Lavine: Homestead adjustments 'were a small step in bringing our property tax system up-to-date'

Local Government
Dick lavine
Dick Lavine, a senior fiscal analyst at Every Texan. | Provided

Texas voters overwhelmingly approved a pair of measures designed to reduce property taxes May 7, but that doesn’t mean the battle for lower taxes has ended.

Proposition 1 passed with 86.91% of the vote and will take effect Jan. 1, 2023. It will reduce the property tax rate on homesteads for disabled people as well as anyone older than 65. It specifically reduces school maintenance and operation levies.

Proposition 2, which received the support of 84.82% of voters, increases homestead exemptions from $25,000 to $40,000. The average homeowner will see a reduction of around $175 a year. The amendment has a retroactive start date of Jan. 1, 2022, and immediately took effect.

Dick Lavine, senior fiscal analyst for Every Texan, an independent policy research and advocacy organization, told Austin Journal the vote was a positive sign, but much work remains. 

“The homestead adjustments approved by the voters May 7 were a small step in bringing our property tax system up-to-date,” Lavine said. “The increase in the statewide homestead exemption will take $175 off the tax bill of every homeowner, regardless of the value of their home. The other amendment simply gives those whose school tax bill froze when they turned 65 or became disabled the same tax break all other property owners received because of the 2019 school finance bill.”

Gov. Greg Abbott celebrated the news by tweeting, “Propositions 1 & 2 pass overwhelmingly statewide. Victory for ALL property owners in Texas.”

It might have been a victory, but the battle for fairer,  and lower, taxes continues to be fought. The Balance ranked Texas in the top 10 states with the highest property tax rates in the United States with a median payment of $4,065 per year.

In 2021 the Tax Foundation found that Texas had the sixth-highest property tax rate measured as property taxes paid as a percentage of owner-occupied housing value in 2019.

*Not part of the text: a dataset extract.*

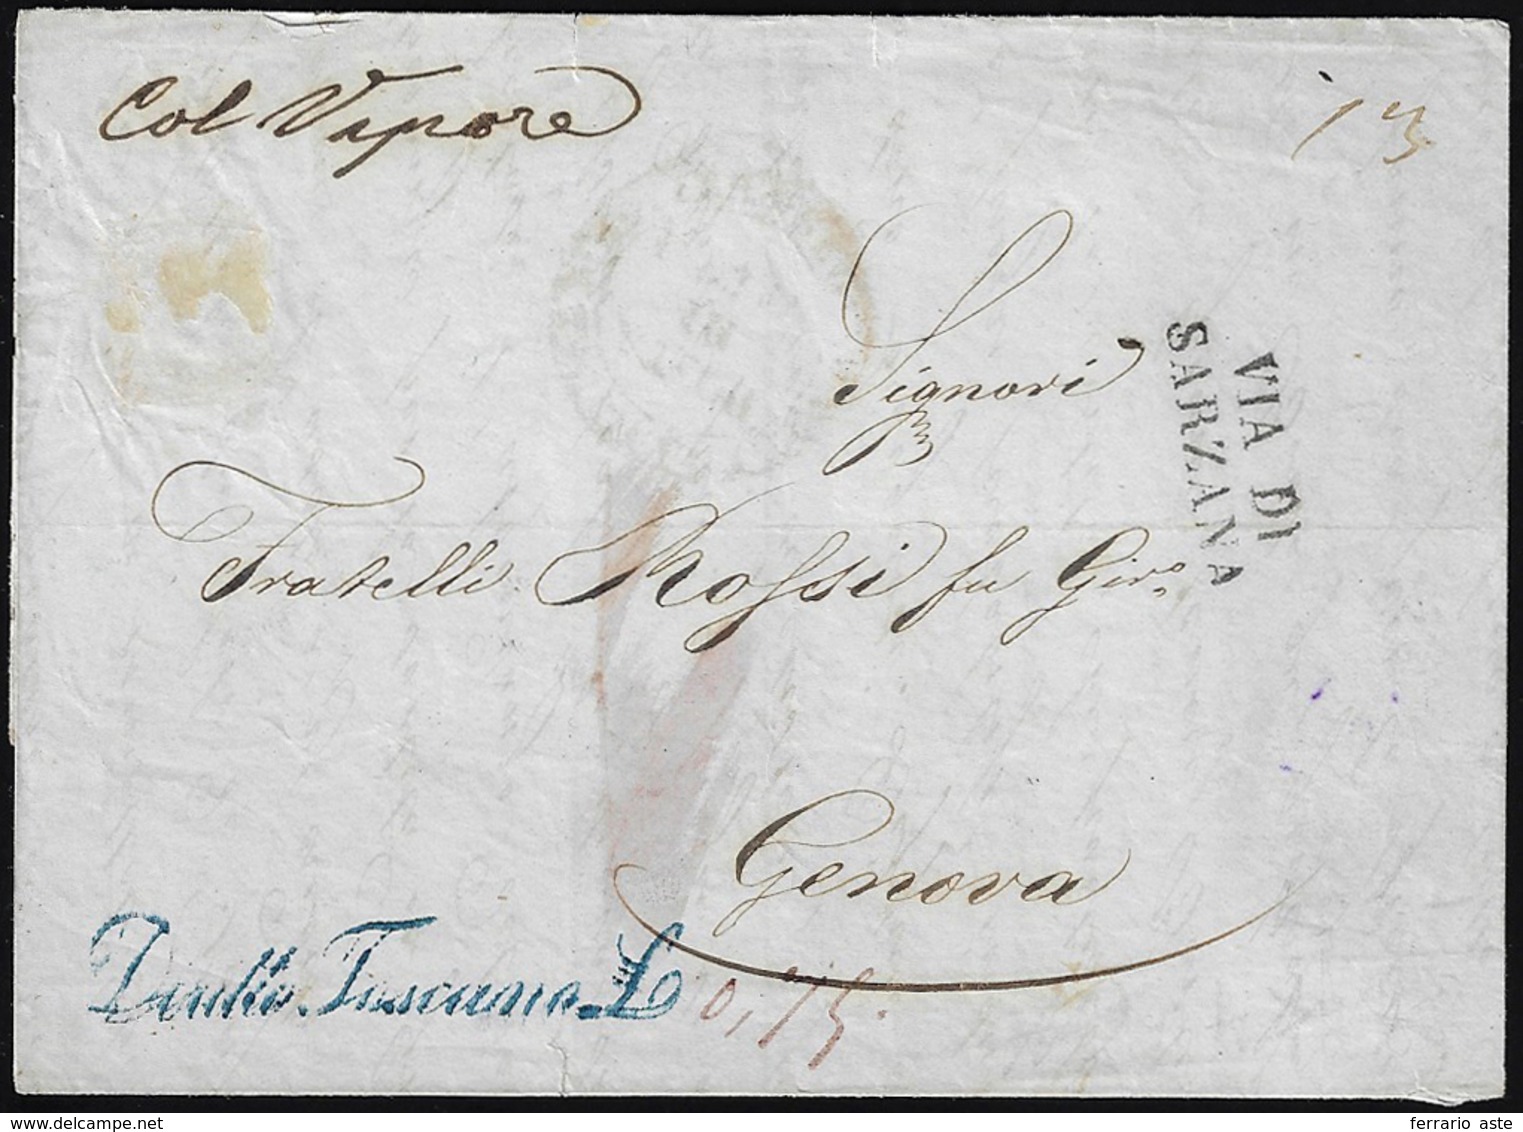 1857 - Lettera Prefilatelica Da Napoli 15/9/1857 A Genova, Per La "Via Di Sarzana". Sul Fronte Il Li... - Tuscany

Texas Taxpayers and Research Association (TTARA) said local governments are making decisions that cost taxpayers money, adding that they appear addicted to new spending.

“The simple truth is no matter what your appraisal, property tax bills would not be going up unless local jurisdictions wanted to spend more money,” TTARA said in 2022 study. “Regardless of your 2022 appraisal, right now your 2022 tax bill is zero. Your tax bill won’t be set until the jurisdictions in which you reside decide how much money they want to raise and set their tax rates.”

report by the Texas Public Policy Foundation found that all of Texas’ 10 largest cities had property tax levies that grew faster than the preferred rate of growth, even when losing population, over the period 2016-2020.

Lavine said state lawmakers have the power to change the system and make it more equitable and less painful for taxpayers.

"The best way for the Texas Legislature to reduce pressure on school tax rates is to increase the state investment in the ‘basic allotment,’ which is the building block from which school-finance formulas are calculated,” Lavine told Austin Journal. “The state has the money available to pick up its fair share of the responsibility for educating our children, rather than leaving the lion’s share to local property taxpayers.”

In 2019, Lavine wrote a report titled “Bad Deal: Higher Local Sales Taxes Are Not the Way to Lower Local Property Taxes” that criticizes the idea that a higher sales tax was the key to lowering property taxes. He argued that a sales tax levied to replace property tax revenue would have a disproportionate negative impact on the poor, and hurt the Texas economy.

Lavine wrote “lawmakers should guarantee that everyone is paying their fair share of supporting our public services by ensuring that all property — especially commercial and industrial property — is on the tax rolls for its full market value. We must also eliminate wasteful or outdated tax exemptions and special giveaways.”

Lavine previously spoke with the Texas Business Daily regarding the benefits of ending 313 tax abatements intended to incentivize corporations moving to Texas.

Lavine focuses on building state and local revenue systems that meet Texans’ needs. Before coming to Every Texan in 1994, he was a senior researcher at the House Research Organization of the Texas House of Representatives for 10 years.

He is a chartered financial analyst and served for many years as a member and chairman of the Board of Directors of the Travis Central Appraisal District. He is also a member of the executive board of AFSCME Texas Retirees, the statewide union local of retired public employees. The Equity Center named him the 2011 Champion for Equity for his work to reform our tax system to ensure it can adequately support public education and other public services.

Lavine earned a bachelor of arts in economics, magna cum laude, from Harvard College in 1969, and a doctor of jurisprudence, cum laude, from the University of Pennsylvania in 1975.